先ほど触れたが、AWSサービスについて詳しく調べる時間のない人に対しては、Elastic Beanstalk、CloudFormationによって、AWSを使い始めやすくしたと思っている。サービスごとに別個の価格体系があるという件は、顧客と活発に議論したトピックだ。「何をどう使うかを制御するのは顧客だという考え」に基づいている。料金も、使っただけ払ってもらうということだ。パッケージやバンドルを押し付けるようなことはしない。リソース利用に応じた料金についてはガラス張りでありたいと思っている。
実際に、ある企業から、「数億円払うと、これだけのEC2、ストレージ、データベースをくれるという形のほうが簡単でいい」といわれたことがある。しかし、エンタープライズ顧客との過去の経験からいうと、各企業に適したバンドルやパッケージをつくるのは非常に難しい。企業ごとにワークロードがまったく異なるからだ。一企業の社内でも、部門によってワークロードやアプリケーションは異なる。最初はパッケージを求める顧客も、設定利用量を超えた場合はどうするかなどいろいろ検討した結果、やはり従量課金に戻ってしまう。だれも、必要以上に支払いたくはないからだ。一方で、利用量に基づく料金をシミュレーションするツールは提供している。
すべてのコンピューティングはクラウドに移行する
―― あるブログのポストは、「異なるユースケース、異なるニーズ、異なる予算を持った顧客に対応するため、AWS以外に複数のクラウド提供者が存在することが重要だ」と述べている。

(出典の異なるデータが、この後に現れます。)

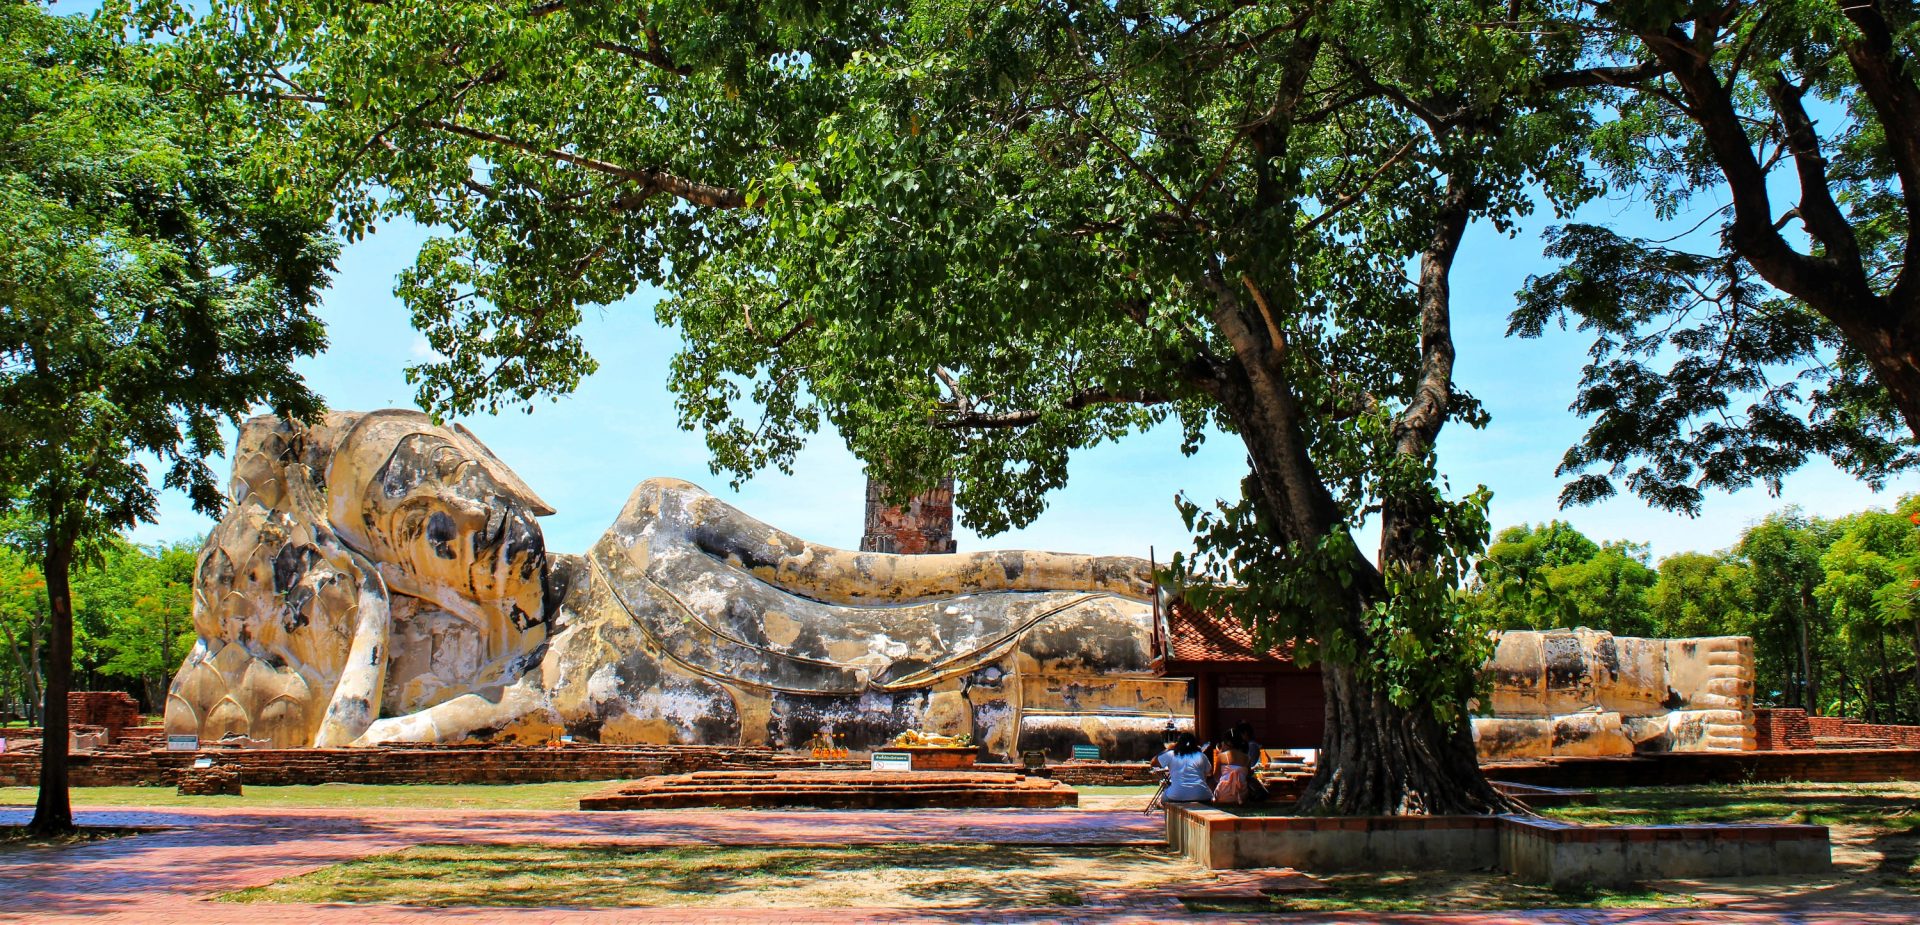 Ce grand Bouddha couché, en brique recouvert de plâtre, mesure 29 mètres de long se situe sur un site en plein air.

AWSはあらゆるユースケースやニーズに応えられると思うか。
当社は明確に、顧客が動かしたいと考えるすべてのアプリケーションに対応することを目指している。これは当社の長期的な「志向」だといえる。意図的に、特定のアプリケーションやユースケースを除外することはない。
―― では、このブログポストに記されているように、世の中には複数のクラウドサービス提供者が存在することが望ましいと考えるか。
クラウドサービスを提供する事業者が複数存在し続けることには、疑問の余地がない。10年後、20年後には、自前のデータセンターを持つ企業はほとんどなくなり、データセンターを持つ場合でも、非常に小規模なものになるだろう。すべてのコンピューティングはクラウドに移行する。私はそう信じている。すべてのコンピューティングがクラウドに移行するなら、1社でそのすべてのコンピューティング能力を提供できるわけがない。当社はその市場で、成功し続け、リードし続けることを信念としている。